その一段階は、”バイレンと戦っているのが三人であると錯覚させる”かが鍵である。
『暒空魔術の手練れたる者、戦闘を行う範囲内に潜伏する敵の数を理解できる術を備えている』
暒空魔術の基本を深く理解していないグレミアであっても、空間を形成する術を使用するのであれば、その空間内の魔力を察して、”範囲技”がしやすくなる基礎知識はあった。
範囲技とは、あらゆる術の効果を範囲で起こせるものである。さらに暒空魔術は、現実世界においても範囲技が他の術師よりも得意とする面を持ち合わせている。
バイレンを罠に嵌めて奇襲をかけるには、転生者三名の実力では不可能である。さらにジェイクの烙印は一つしかなく、レベル23のトウマとレベル19のサラの魔術ではバイレンと対抗するのは困難を極める。
三人が協力するにしても良くて一人が瀕死で生き残れる。というのがグレミアの見解であった。
状況は最悪としか言い様がない。
それでもグレミアは第一段階と第二段階を突破する策を提案した。
まずトウマがバイレンの前に現れ挑発する。その間、バイレンの後方でジェイクとサラが身を顰める。
この時重要なのは、バイレンに”挟み撃ちで仕留める作戦”であると悟られなければならない。さらにその意識を強める為、ジェイクとサラが協力してバイレンに歯向かい三対一の構図を疑いの余地なく定着させる必要があった。
この第一段階において不足している点を挙げるなら、
“誰がバイレンを仕留める存在かを明確にさせるか”である。
これはジェイクでなければならなかった。理由は、暒空魔術は術者の魔力量や性質を察知する体質になっているためである。

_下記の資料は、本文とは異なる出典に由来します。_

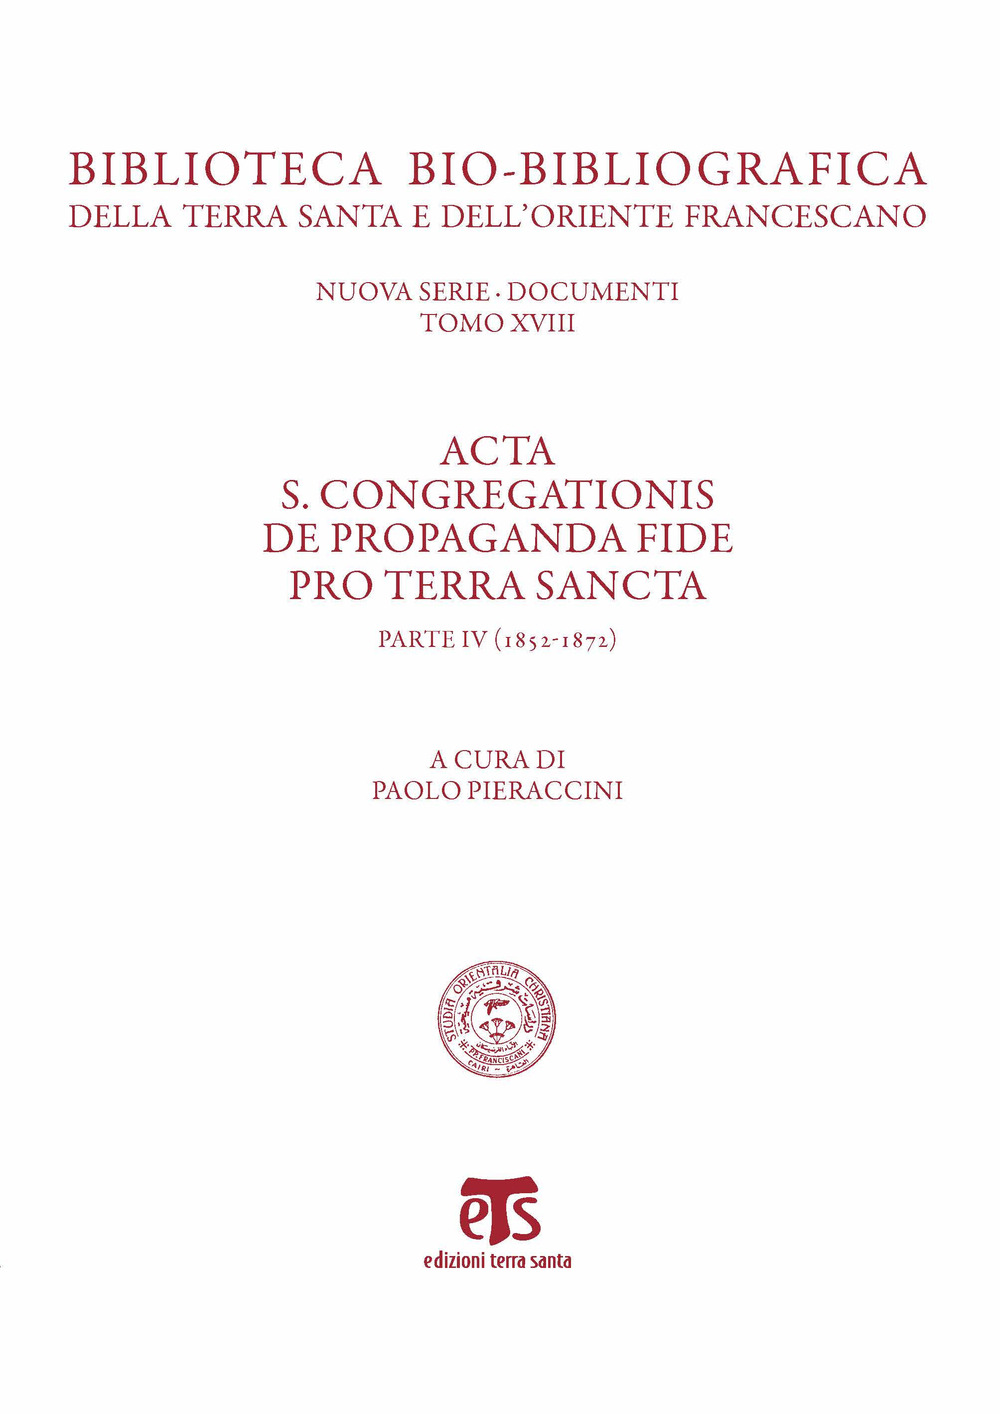 Acta S. Congregationis de Propaganda Fide pro Terra Sancta. Vol. 4: 1852-1872
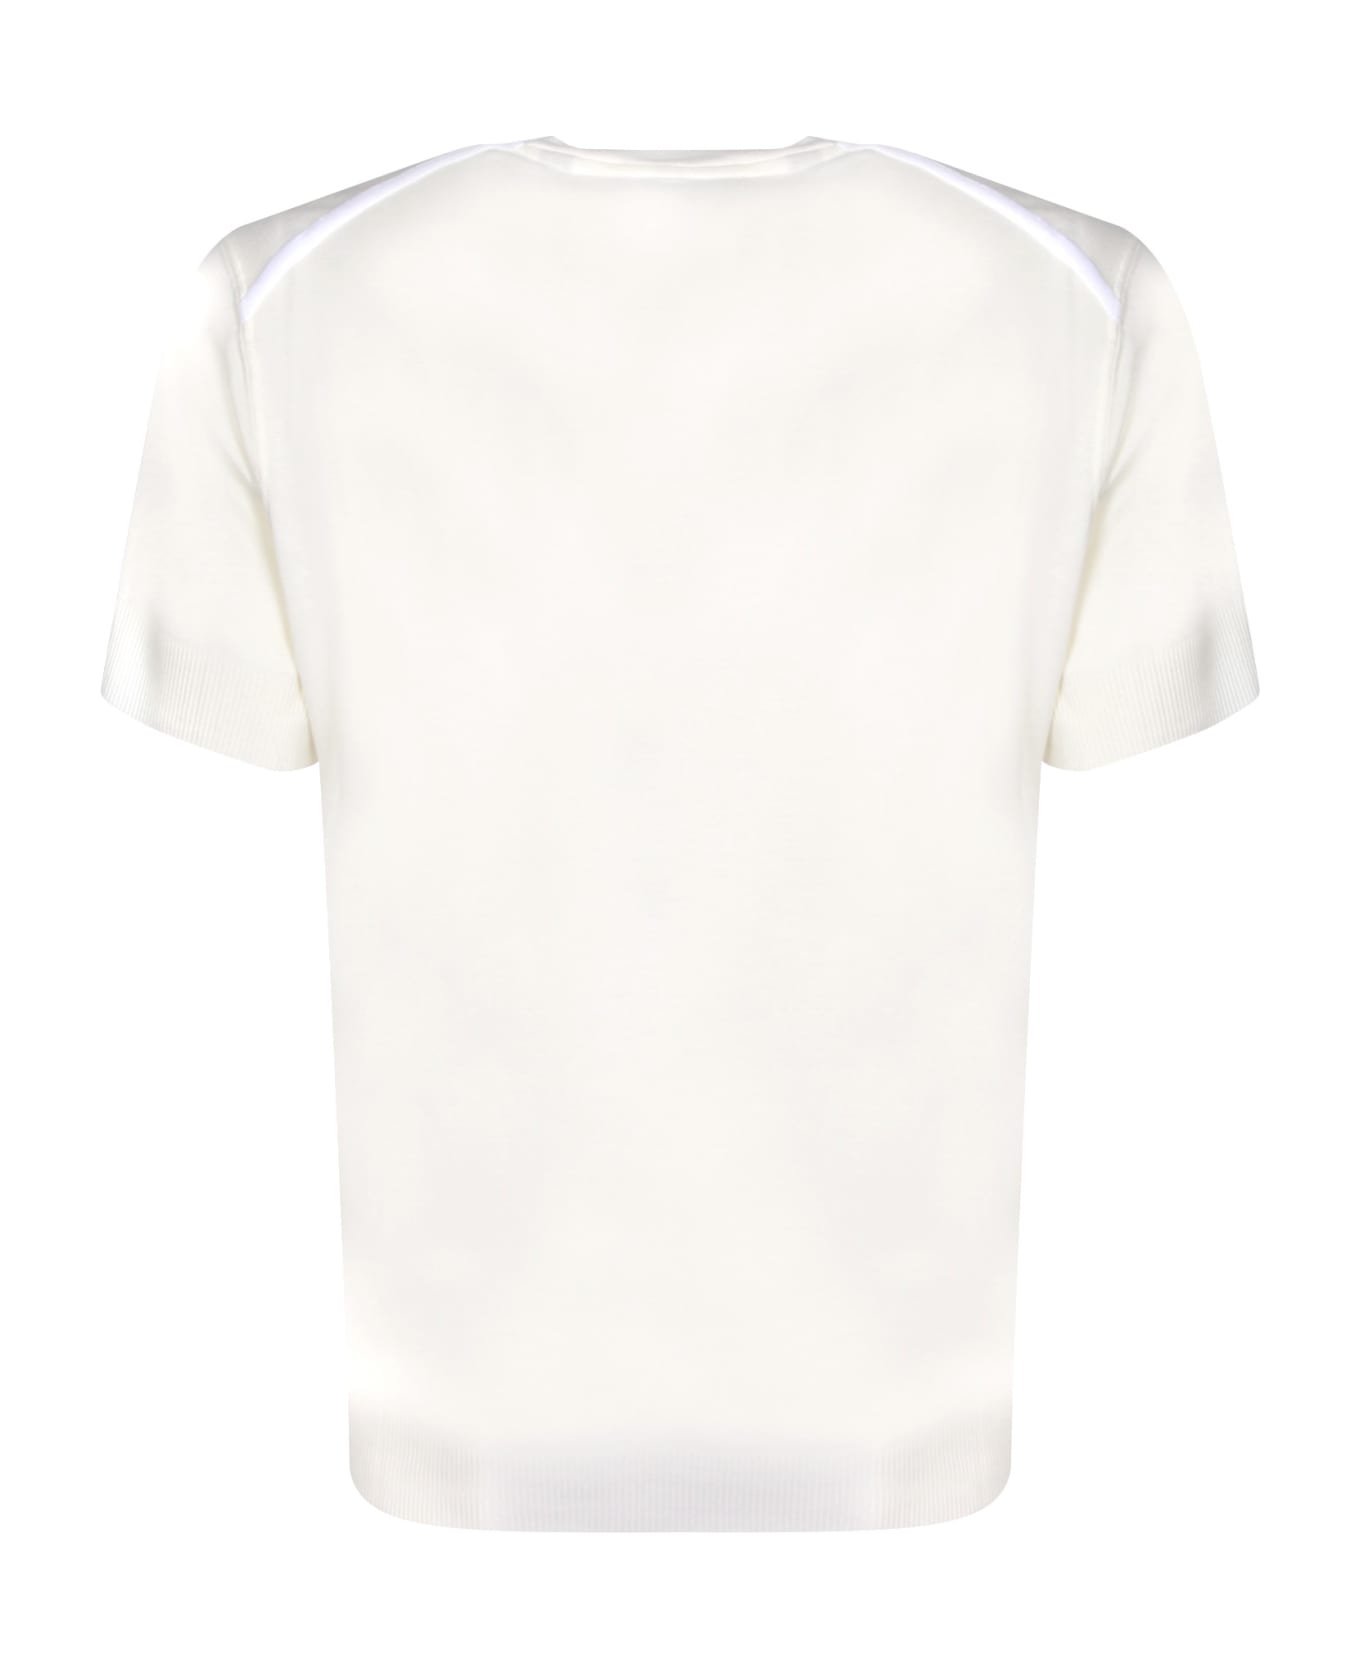 Tom Ford Ribber White T-shirt - White シャツ

未知の力『烙印技』でバイレンにとどめを刺すと思わせる事で、バイレンは一番の注意をジェイクに向ける事が出来る。この時、烙印の存在を知っているなら容易に策は進めれるが、知らないならそう思わせる方法を考えなければならない。
だが、先の襲撃でバイレンは烙印技を見ている。不幸中の幸いであった。
グレミアの策は、サラの強化魔術によりジェイクの剣に魔力を定着させ、グレミアの幻覚術でバイレンに定着させた魔力を、炎が纏っているように錯覚させる必要がある。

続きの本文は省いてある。